» PROVIDED DATA
[Start of section]
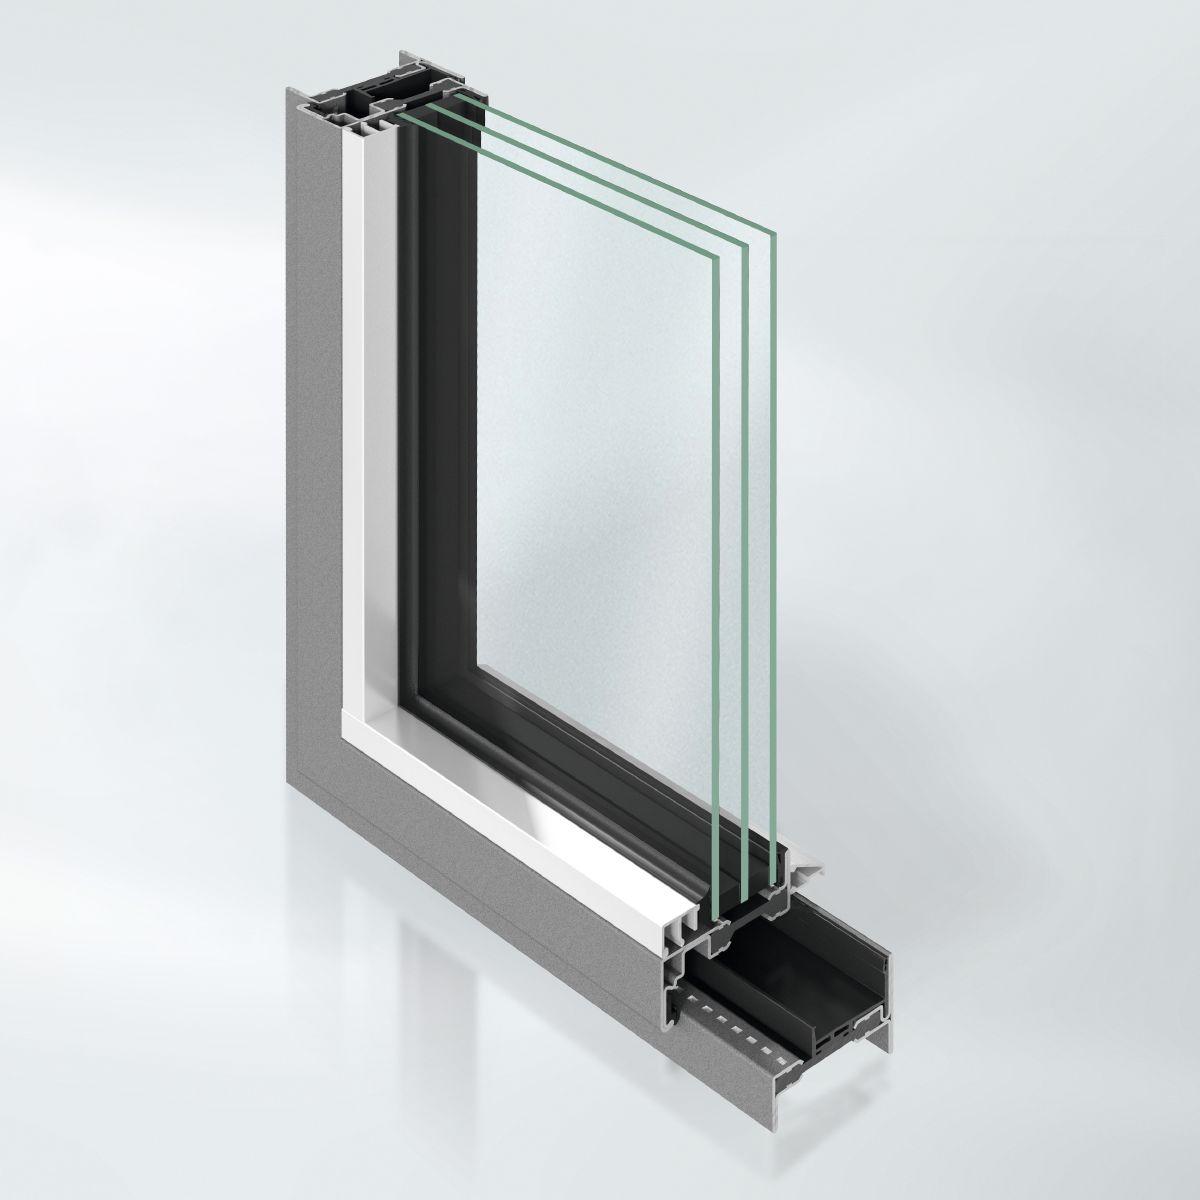 Janisol Window System Arte 66
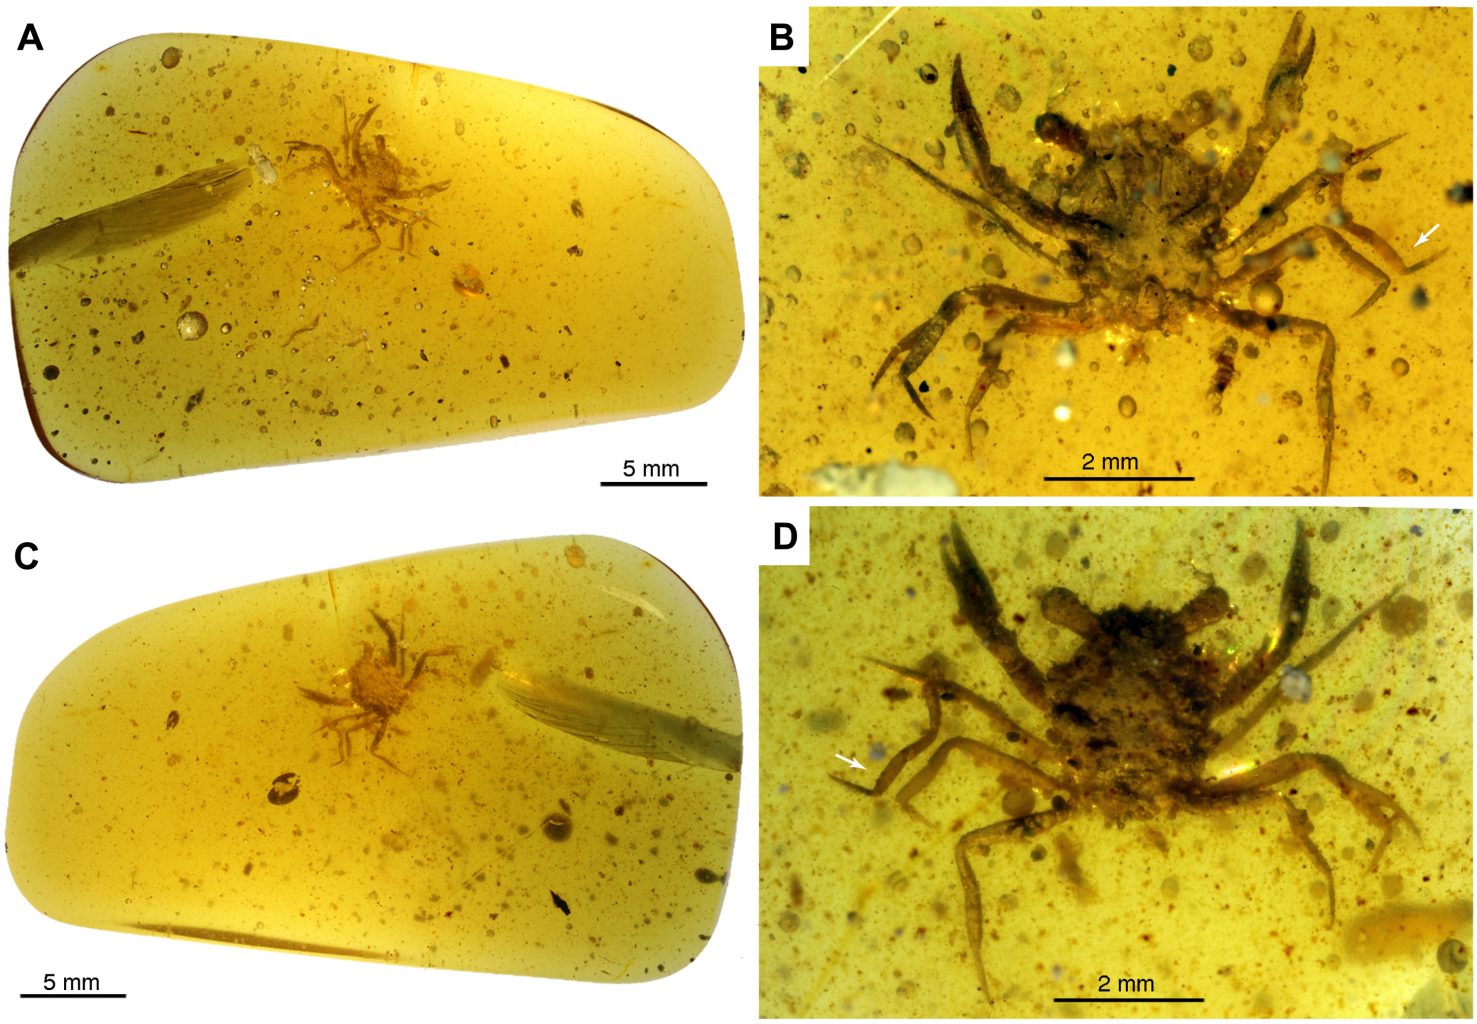 Cretapsara athanata in a piece of amber. Credit: Javier Luque et al. / Science Advances, 2021
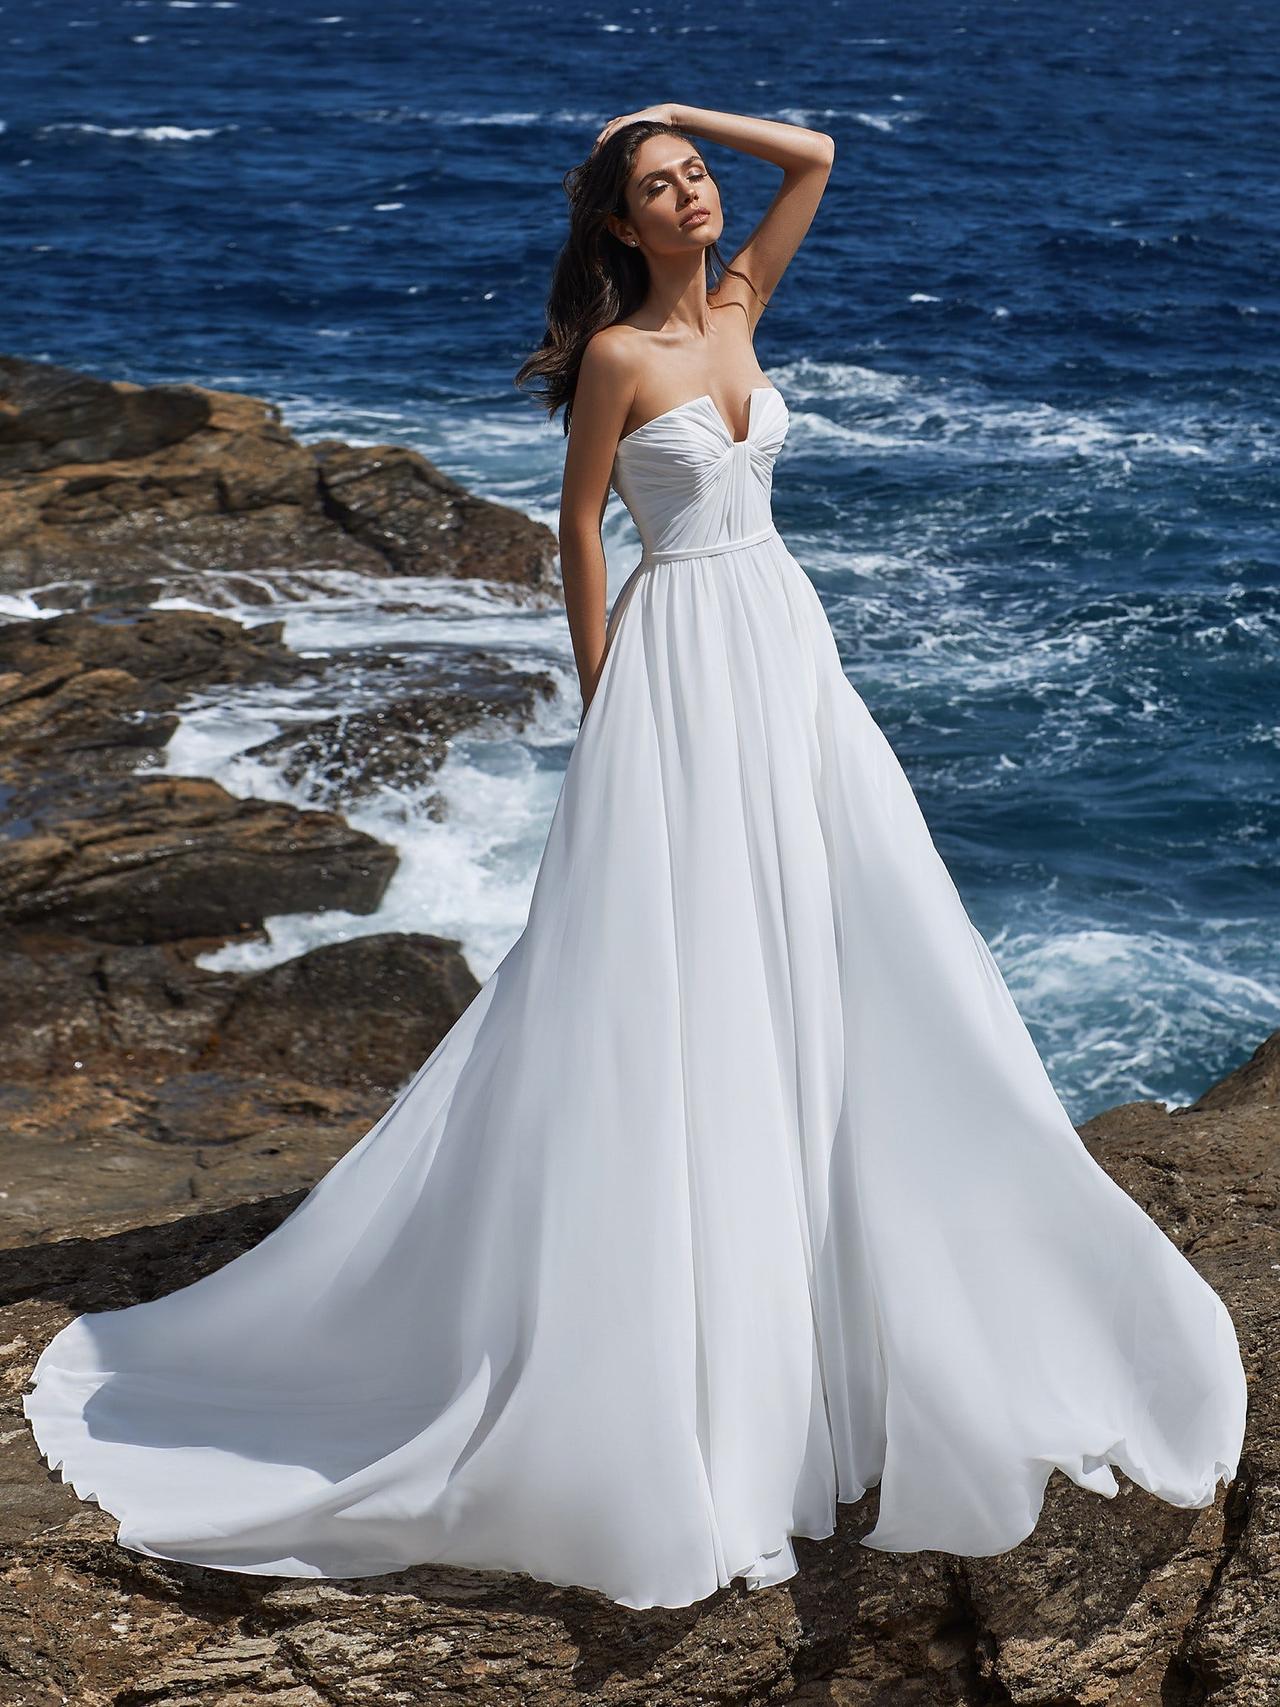 Model in a strapless wedding dress
[End of section]
» PROBLEM TO WORK ON
Retype all of the material above precisely as it reads. Pictures are not part of the copy.

» OUTPUT OF THE TASK
 Janisol Window System Arte 66
 Cretapsara athanata in a piece of amber. Credit: Javier Luque et al. / Science Advances, 2021
 Model in a strapless wedding dress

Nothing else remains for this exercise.